В течение полета кто-то (Йорн был уверен, что этот самый мужик) периодически подходил к его креслу, молча шумно дышал перед самым лицом, потом массировал и разминал прикованные ноги и руки под смирительной рубашкой и всегда заканчивал прикосновением между ног.
–Йорн!
– Да! – Йорн сильно вздрогнул, почти подпрыгнул. Джордж щелкал у него над ухом пальцами.
– Ты чего не реагируешь-то? – с упреком поинтересовался господин Бейли.
– Задумался, видимо. Прошу прощения, сэр.
– Задумчивый… – с пренебрежительной нотой хмыкнул Бейли. – Воспоминания, что ль?
– Ну, ваши специалисты покамест память не научились стирать, – отозвался Йорн.
– М-да…Идея, без сомнения, шикарная, – мечтательно протянул Джордж. – Можно было бы решить сразу огромное количество стандартных и оттого скучных проблем. Как бы ты себя вел, если бы у тебя не крутился в голове постоянный рой лишних мыслей про то, что ты когда-то там чего-то там? Я бы тебе внушил, что, мол, да, упал в душе, ударился головой, ретроградная амнезия…
– Диссоциативная тогда уж, – процедил Йорн.
– Не умничай…– Йорн отреагировал лишь легким движением догорающей сигареты, мол, как хотите. – …Но теперь ты пришел, мол, в себя, и хозяин о тебе позаботится. Можно было бы обойтись без первого этапа дрессуры. Первый этап, безусловно, всегда захватывающ в поведенческом, психологическом плане, но уж очень много уходит на него душевных сил.
– Не спорю! – с чувством согласился Йорн, нервно поджимая словно резцом исполненные красивые губы, и затушил сигарету.
– Докурил? Давай обратно, – Джордж хлопнул ладонью по дивану. Это был не флирт, а приказ. Йорн умел теперь различать малейшие колебания в интонации господина Бейли и по мелочам выпендривался только в те моменты, когда настрой Джорджа допускал неповиновение как азартную сексуальную игру. Сейчас Бейли был серьезно настроен «качественно провести время» с великолепным зверем. Йорну пришлось снова подчиниться и лечь. Джордж властно и покровительственно положил руку ему на голову. – С тобой-то вообще невозможно было справиться первое время.
– Но вам же это нравилось, – отозвался Йорн.
– Чего это мне нравилось? – едва ли не возмутился Джордж. – Держать тебя в клетке?
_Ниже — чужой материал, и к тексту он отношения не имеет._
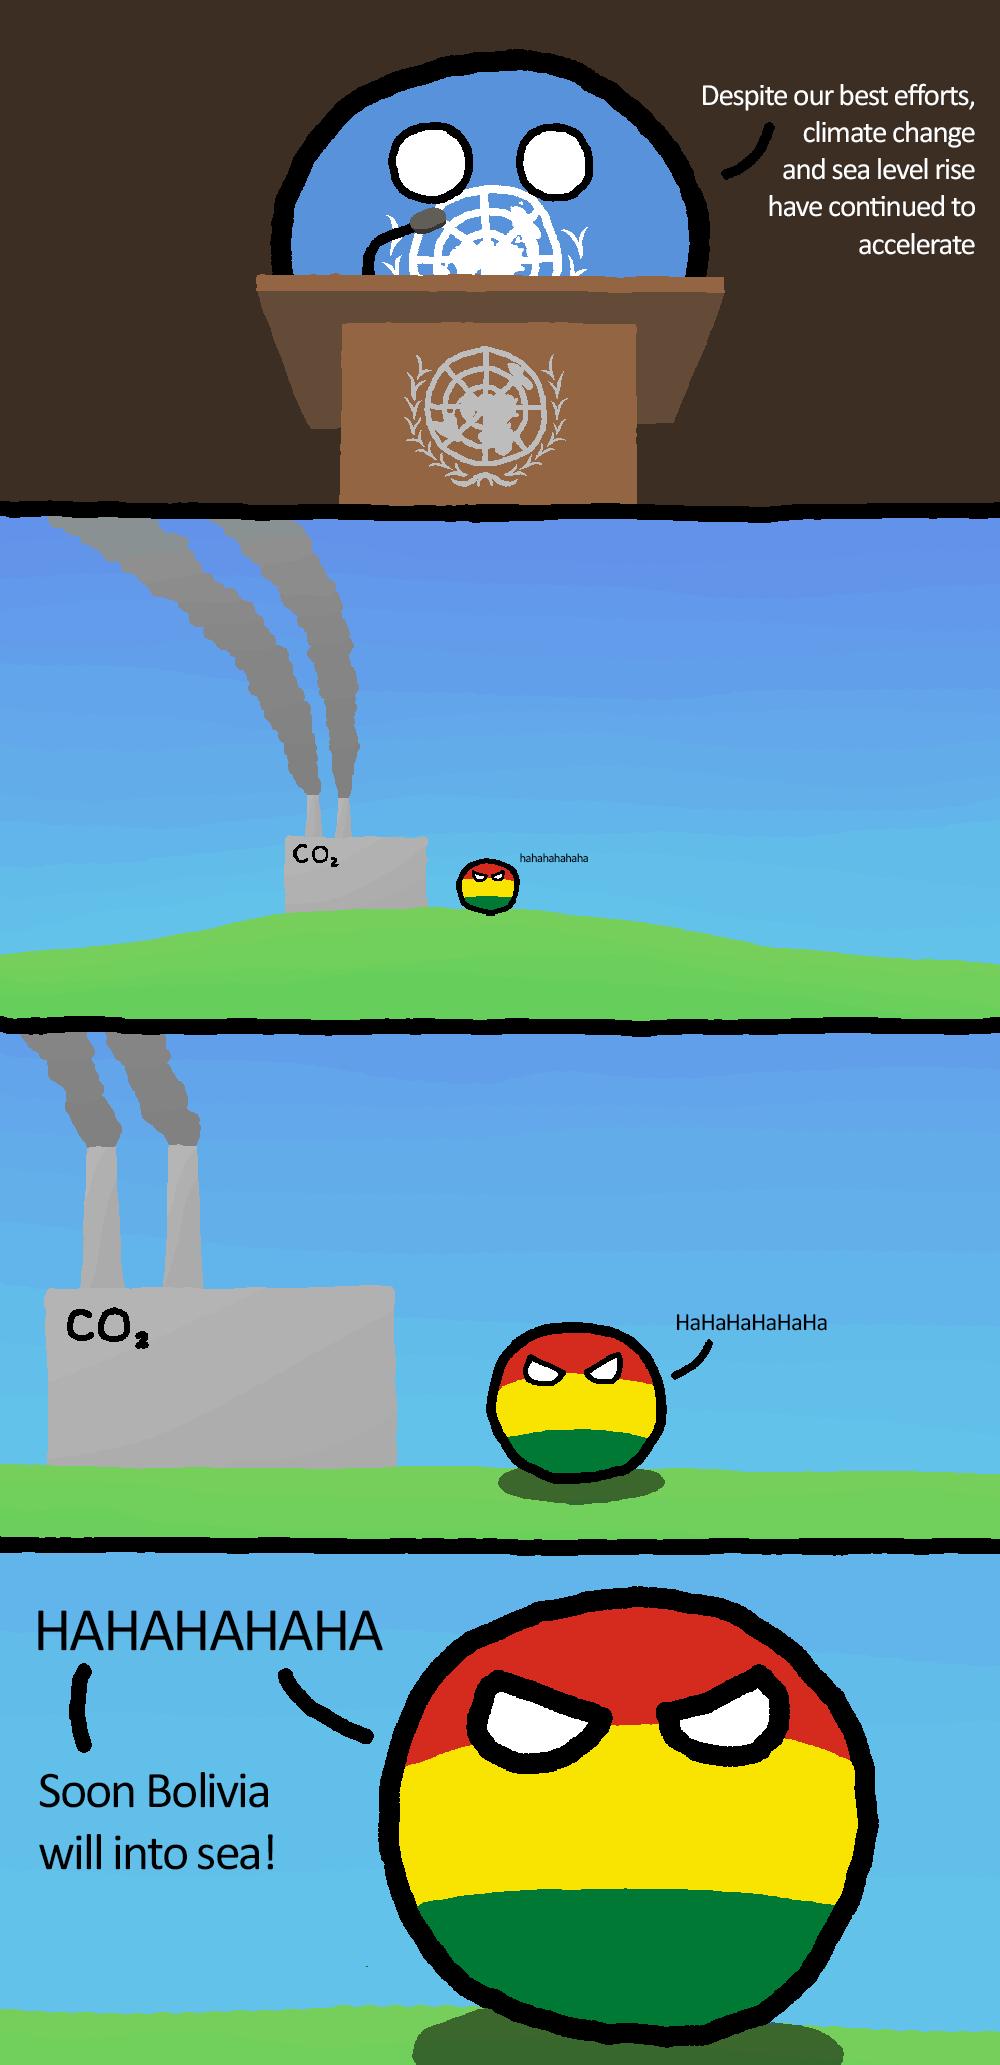 Bolivia can finally into sea
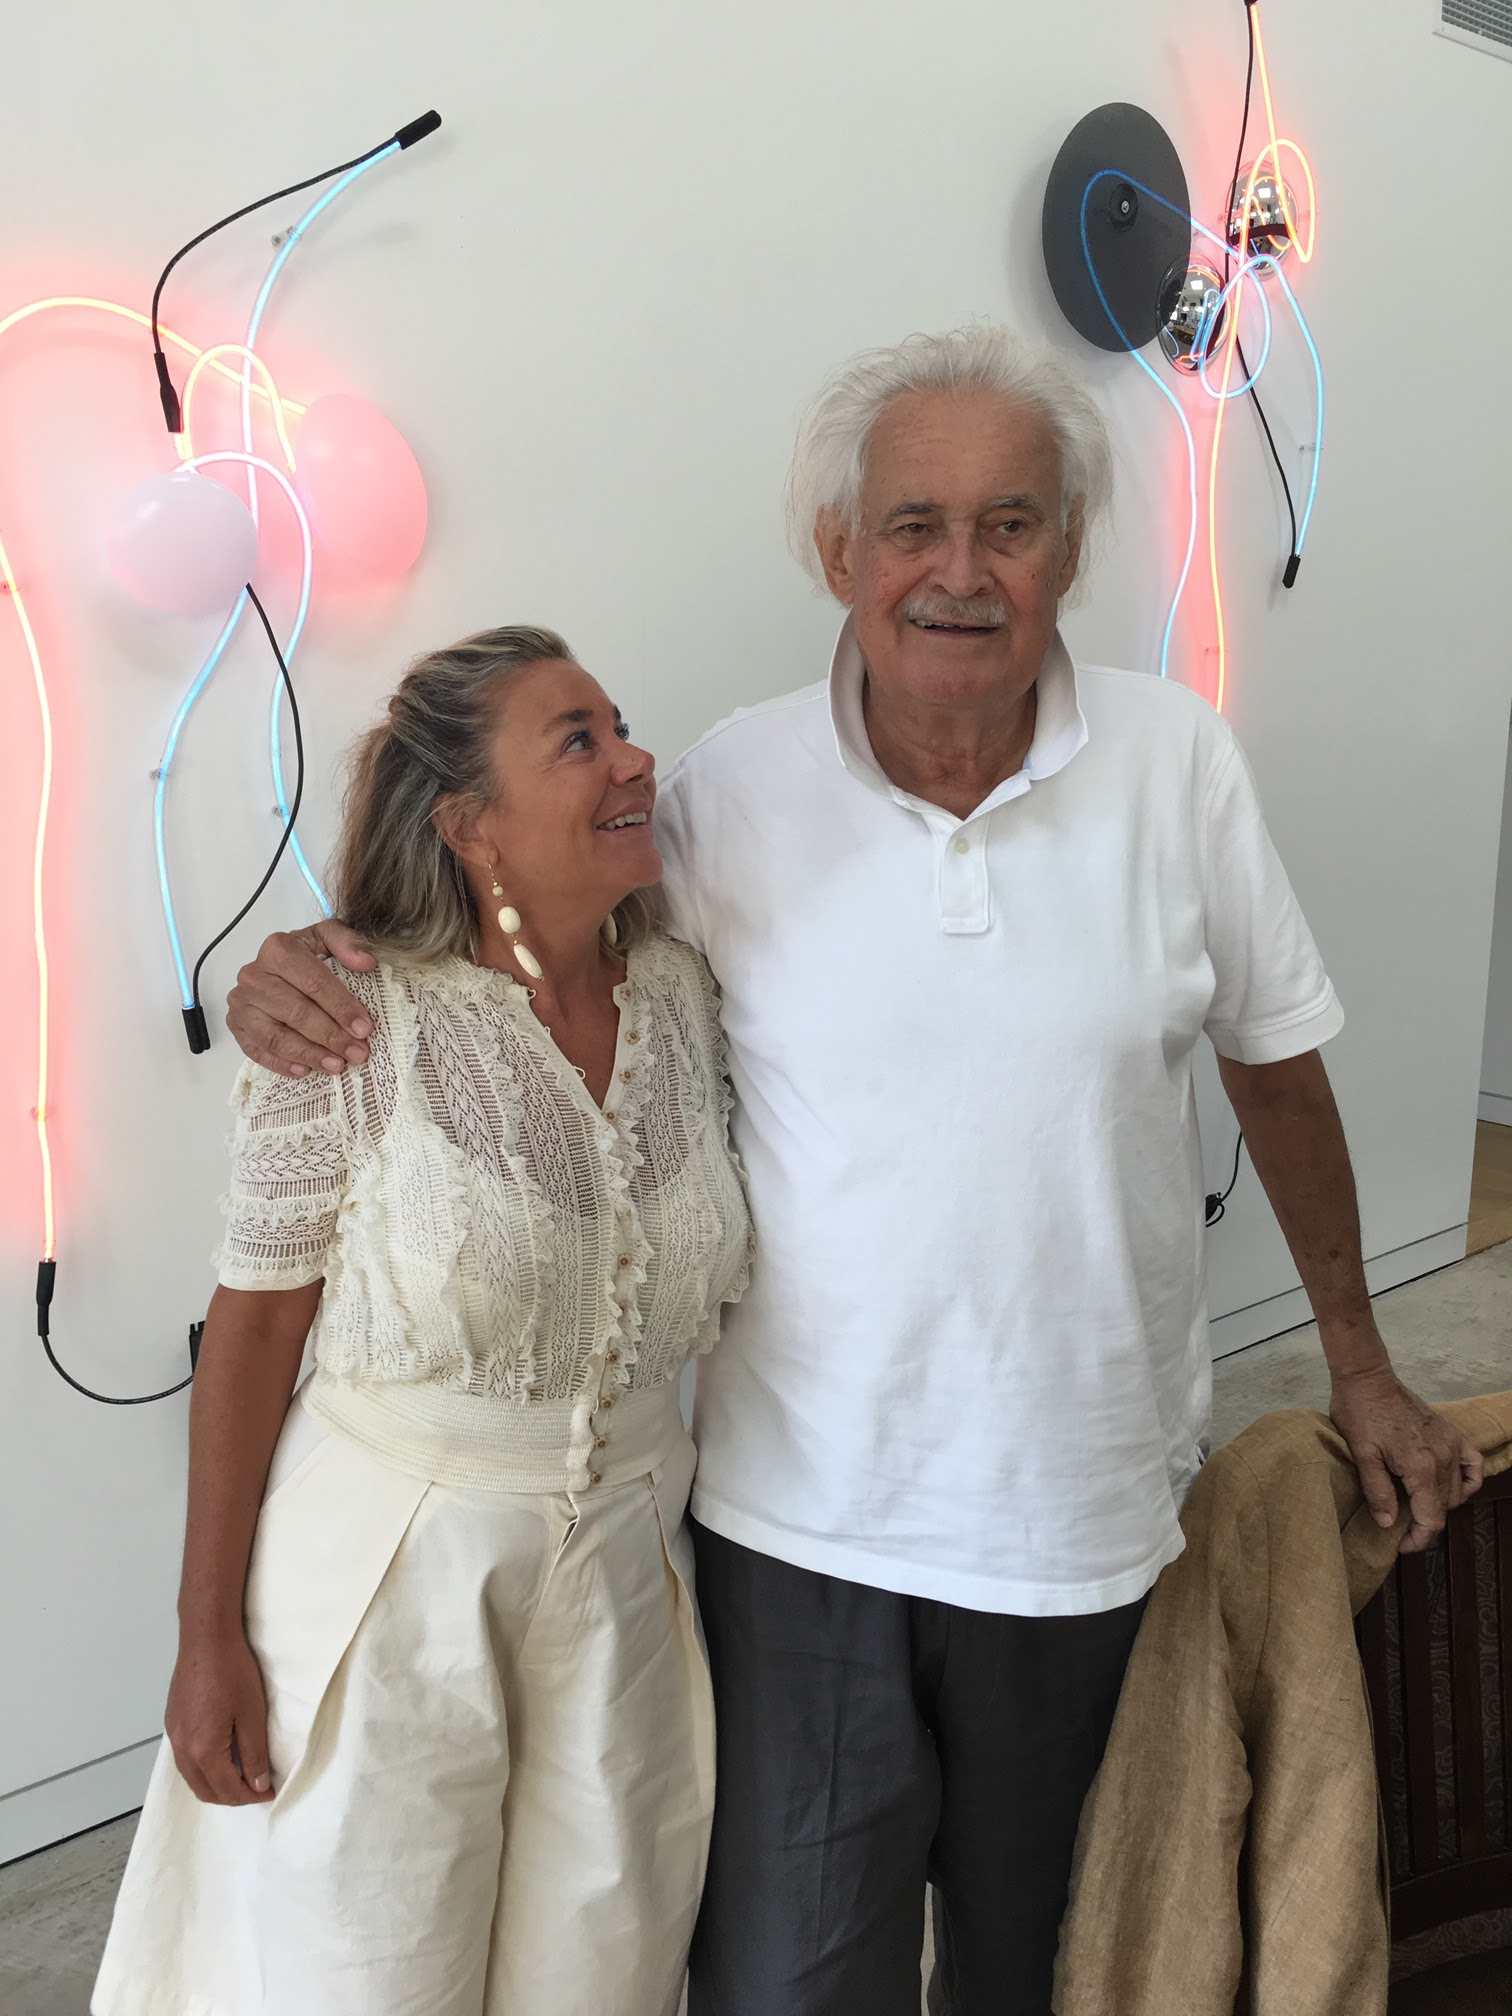 Keith Sonnier e Annamaria Maggi, Bridgehampton NY, 2018. Courtesy Galleria Fumagalli

Отнюдь. Никакого контакта, никакой ответной реакции – что это, в самом деле, за удовольствие?
– Джордж! Умоляю вас, что угодно, только за олигофрэна меня не держите, – Бейли мог почувствовать почти физически, как химера начинает злиться.
– Йорн, естественно, когда я тебя впервые принимал в своем доме уже в качестве собственности, мне было все равно, как ты на меня реагируешь и реагируешь ли в принципе. Ты не мог поверить, что ты стал рабом, а я точно также не мог поверить, что удалось приобрести столь уникальное и изысканное существо. Ракшаса, черт возьми! Бесхозного! Ни институтам, ни заповедникам не принадлежащего! У меня в голове крутились миллионы сценариев, я хотел изучить твое тело, эрогенные зоны, как ты отвечаешь на стимуляцию, и вообще, строго говоря, как работает сексуальность рапакса. Немного, признаю, побаивался, что разочаруюсь и сдать обратно не смогу. Ведь бывают же люди, которые внешне создают впечатление удивительной эротичности, а в сексе буквально ни на что не годятся. То, что я тебя содержал в масках и коже долгое время – это необходимость, так как науке неизвестны иные способы модифицировать самовосприятие раба. Если откровенно, действительно случается, что раба больше хочется видеть в маске, нежели без нее. Часто у парня отличное тело, но есть что-то отталкивающее в физиогномике, и в маске он смотрится приятнее. Сразу оговорюсь, что если подобное происходит, это заведомо не долгосрочный проект. Но с тобой-то все в порядке, у меня сердце екнуло, когда я увидел твою физию на фотографии. Представляешь, как оно у меня заходилось, когда я впервые к тебе прикоснулся?
– Угу…– не скрывая сарказма буркнул Йорн. Но Джордж намеренно не обращал внимания на его ремарки. Это были всего лишь ядовитые ремарки раба, бессильного и бесправного, пытающегося сохранить некую видимость независимости.
Йорн очень хорошо помнил эту первую встречу с хозяином. В этот день он едва случайно не удавился. Он помнил, что нестерпимо болела голова после перелета. Его не кормили, привели в непонятное помещение, сняли смирительную рубашку, но не маску и повязку, заковали опять в тюремные наручники, позволили сходить в туалет, а после этого заставили встать на колени, кандалы ненадолго сняли, натянули на руки плотные кожаные митенки, в которых пальцы можно было держать лишь сжатыми в кулак, снова щелчок браслетов, и затащили с помощью ошейника, затолкали в низкую тесную клетку с мягким полом и маленькой подушечкой в углу. Замок заперли.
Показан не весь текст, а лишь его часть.